An exact reproduction of the listing is wanted, with the pictures dropped.

▶ _DATA EXTRACT_
"""

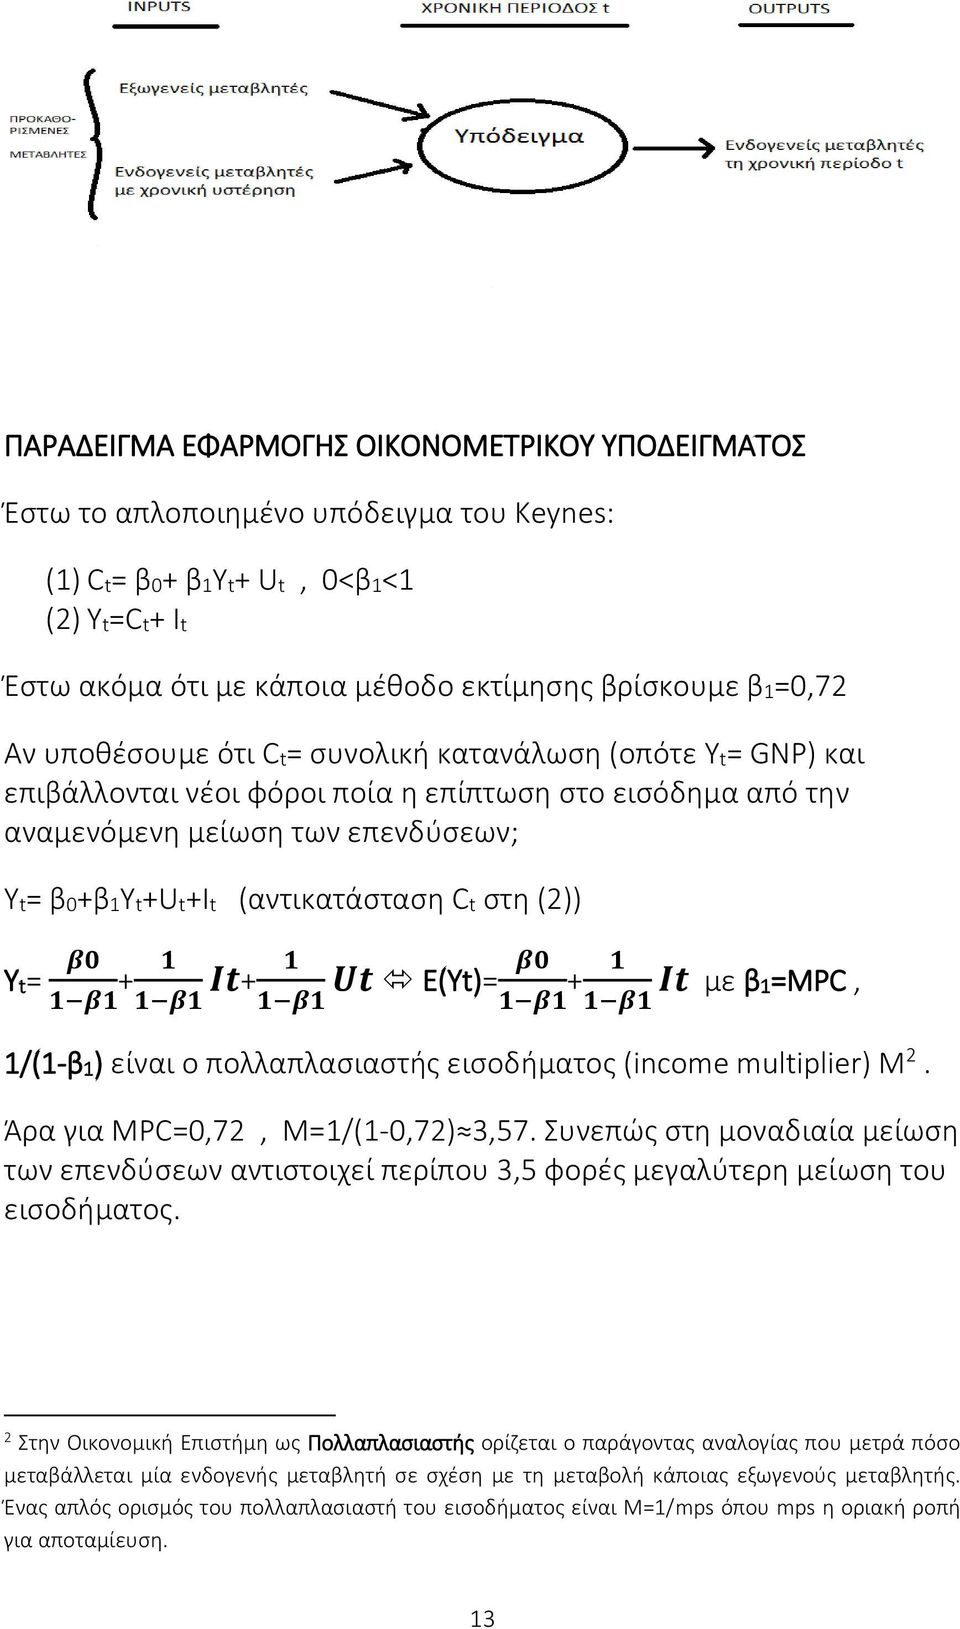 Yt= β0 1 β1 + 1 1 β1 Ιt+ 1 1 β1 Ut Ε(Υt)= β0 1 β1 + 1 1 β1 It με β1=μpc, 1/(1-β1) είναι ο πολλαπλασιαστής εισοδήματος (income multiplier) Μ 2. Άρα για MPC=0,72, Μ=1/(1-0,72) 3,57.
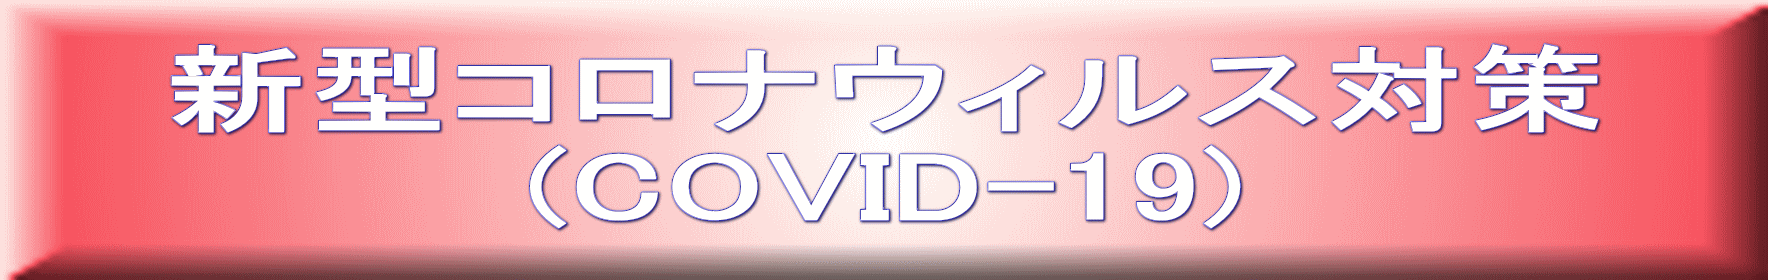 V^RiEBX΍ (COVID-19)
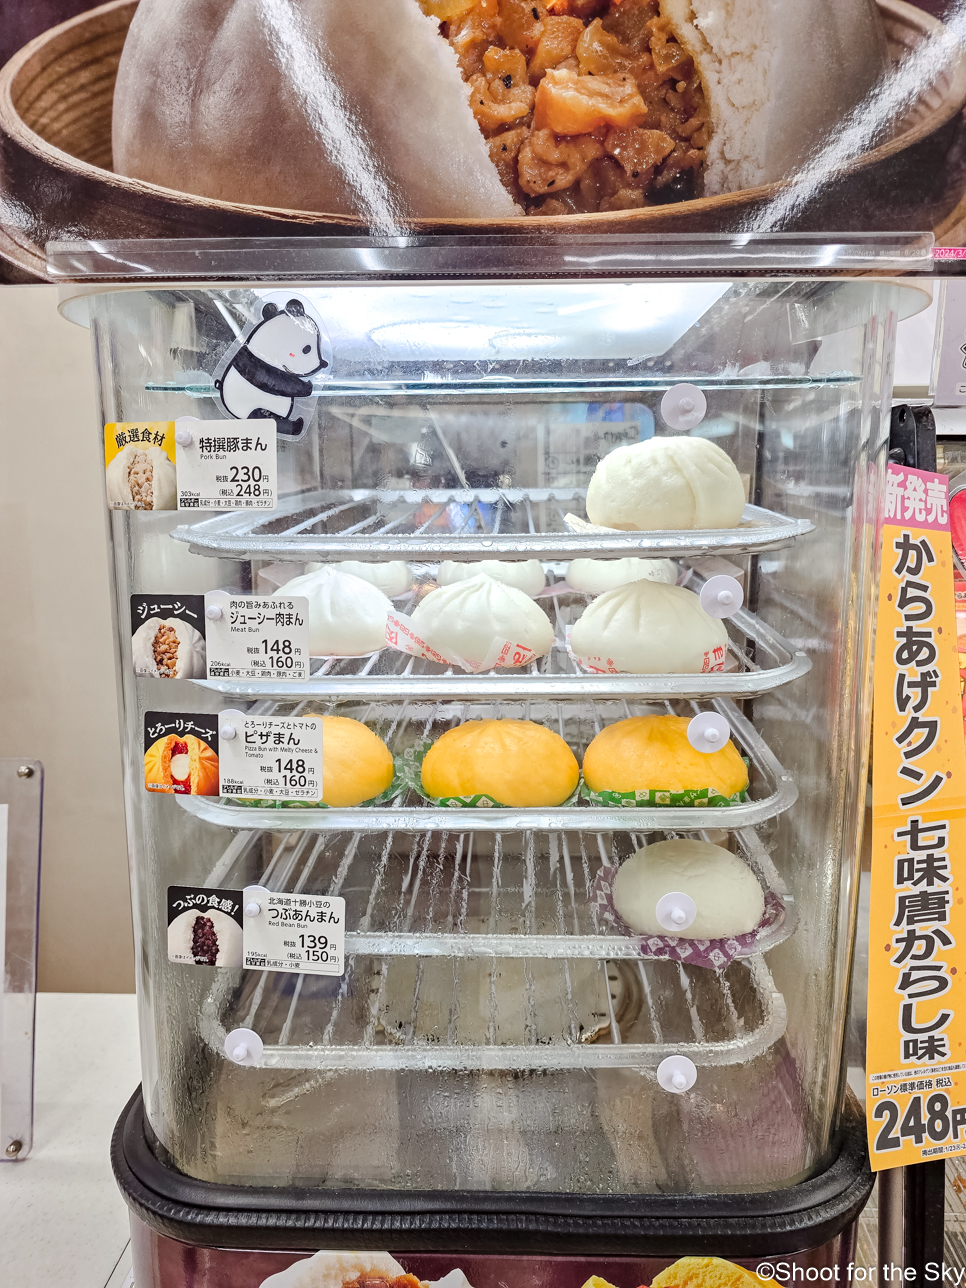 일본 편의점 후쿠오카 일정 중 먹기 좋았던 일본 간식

"""

▶ _ANSWER TO THIS PROBLEM_
 Yt= β0 1 β1 + 1 1 β1 Ιt+ 1 1 β1 Ut Ε(Υt)= β0 1 β1 + 1 1 β1 It με β1=μpc, 1/(1-β1) είναι ο πολλαπλασιαστής εισοδήματος (income multiplier) Μ 2. Άρα για MPC=0,72, Μ=1/(1-0,72) 3,57.
 V^RiEBX΍ (COVID-19)
 일본 편의점 후쿠오카 일정 중 먹기 좋았던 일본 간식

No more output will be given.